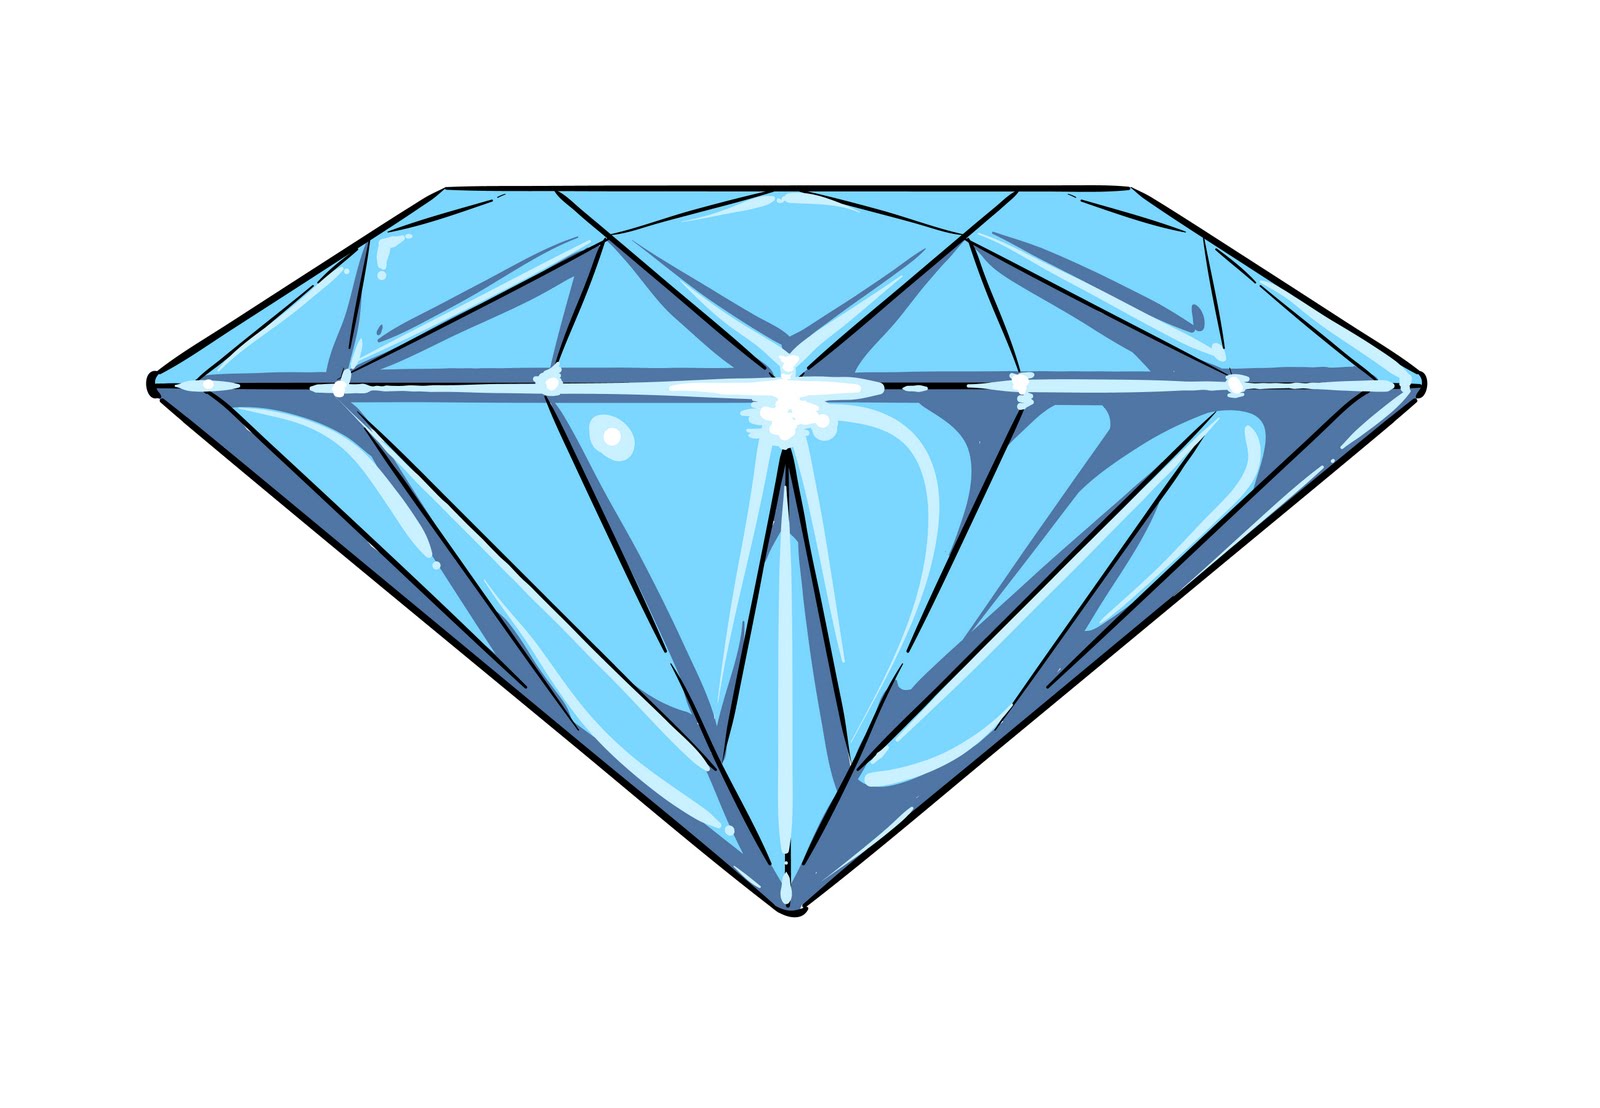 diamond clipart
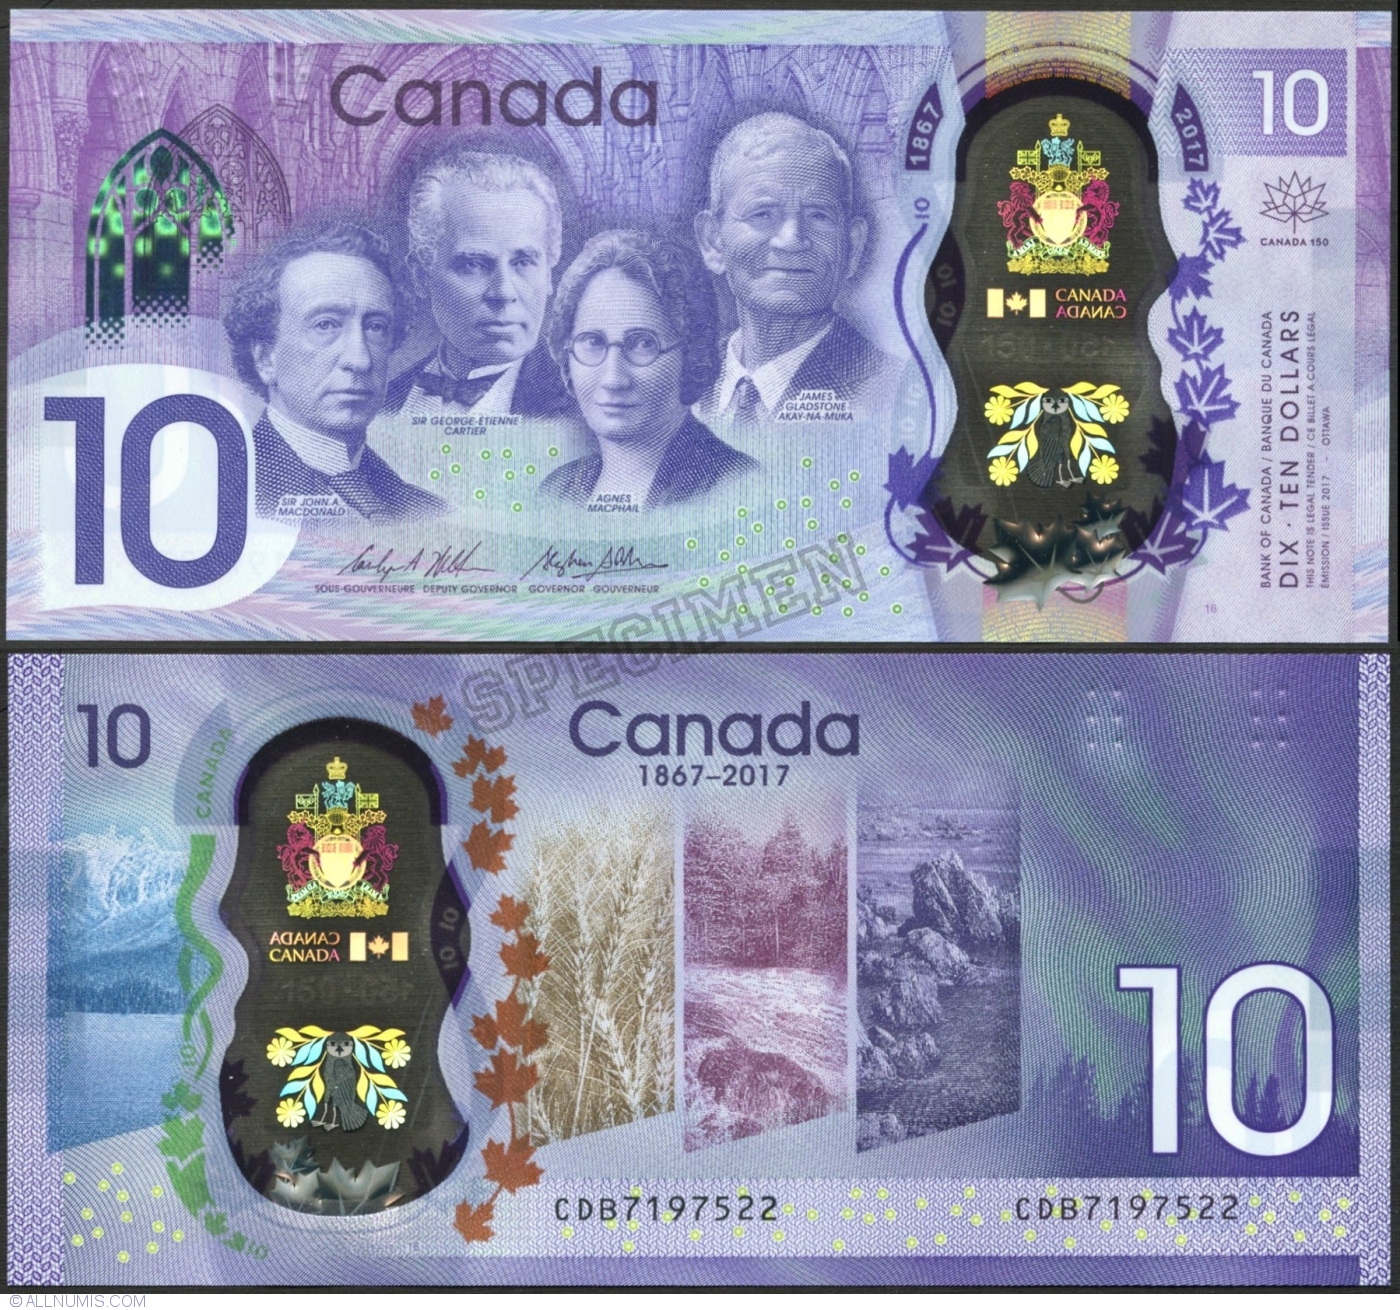 Canada 2017 Commemorative Polymer $10 BC-75 GEM UNC PMG 66 EPQ
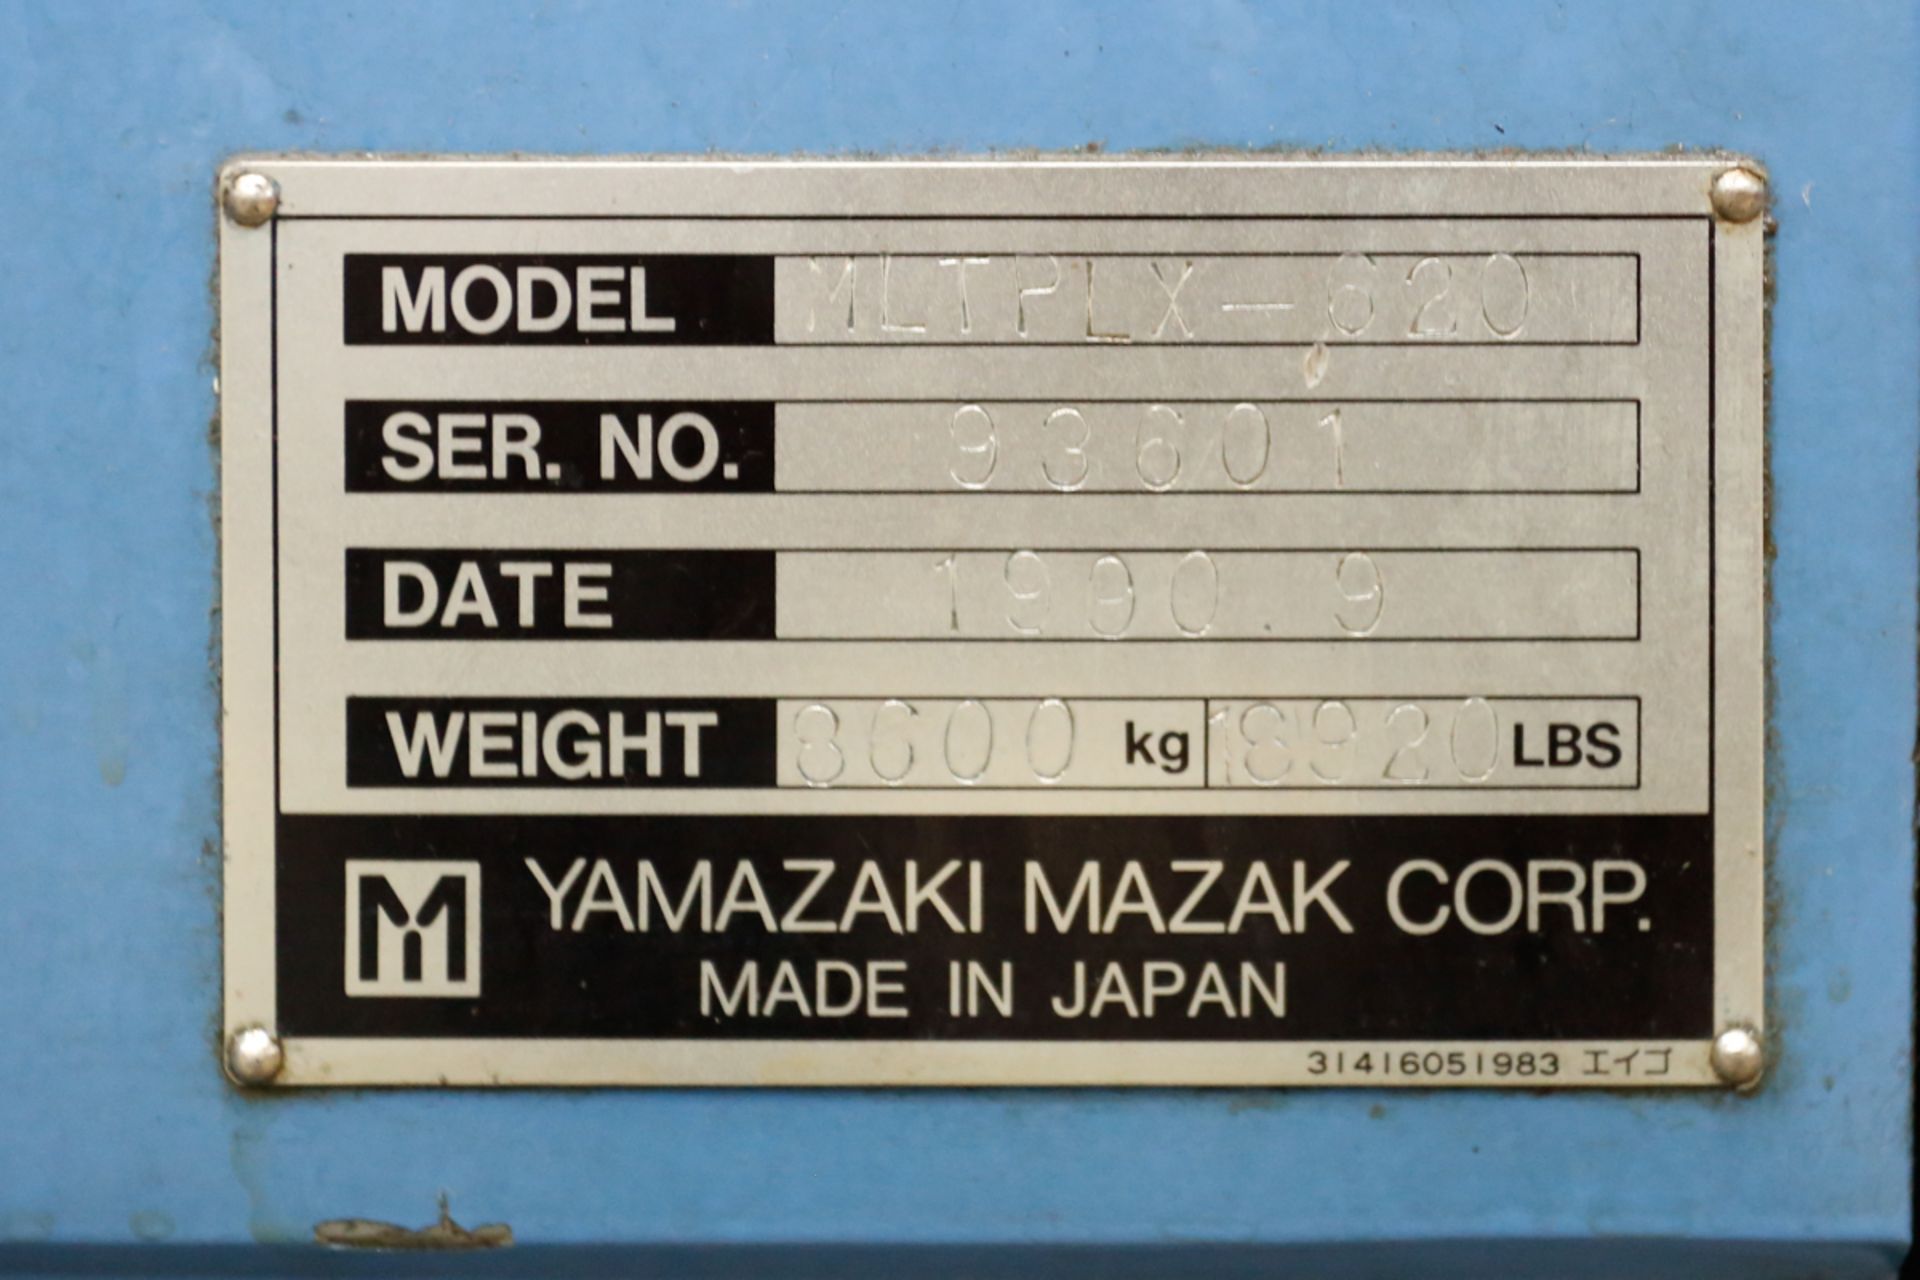 1990 MAZAK 2 AXIS DUAL SPINDLE TURNING CENTER MODEL MULTIPLEX 620 / GL100, S/N 93601, MAZATROL T32-6 - Image 11 of 15

» Your task:
When an image appears in the data, skip it and output the rest exactly.

» Finished exercise:
 diamond clipart
 Canada 2017 Commemorative Polymer $10 BC-75 GEM UNC PMG 66 EPQ
 1990 MAZAK 2 AXIS DUAL SPINDLE TURNING CENTER MODEL MULTIPLEX 620 / GL100, S/N 93601, MAZATROL T32-6 - Image 11 of 15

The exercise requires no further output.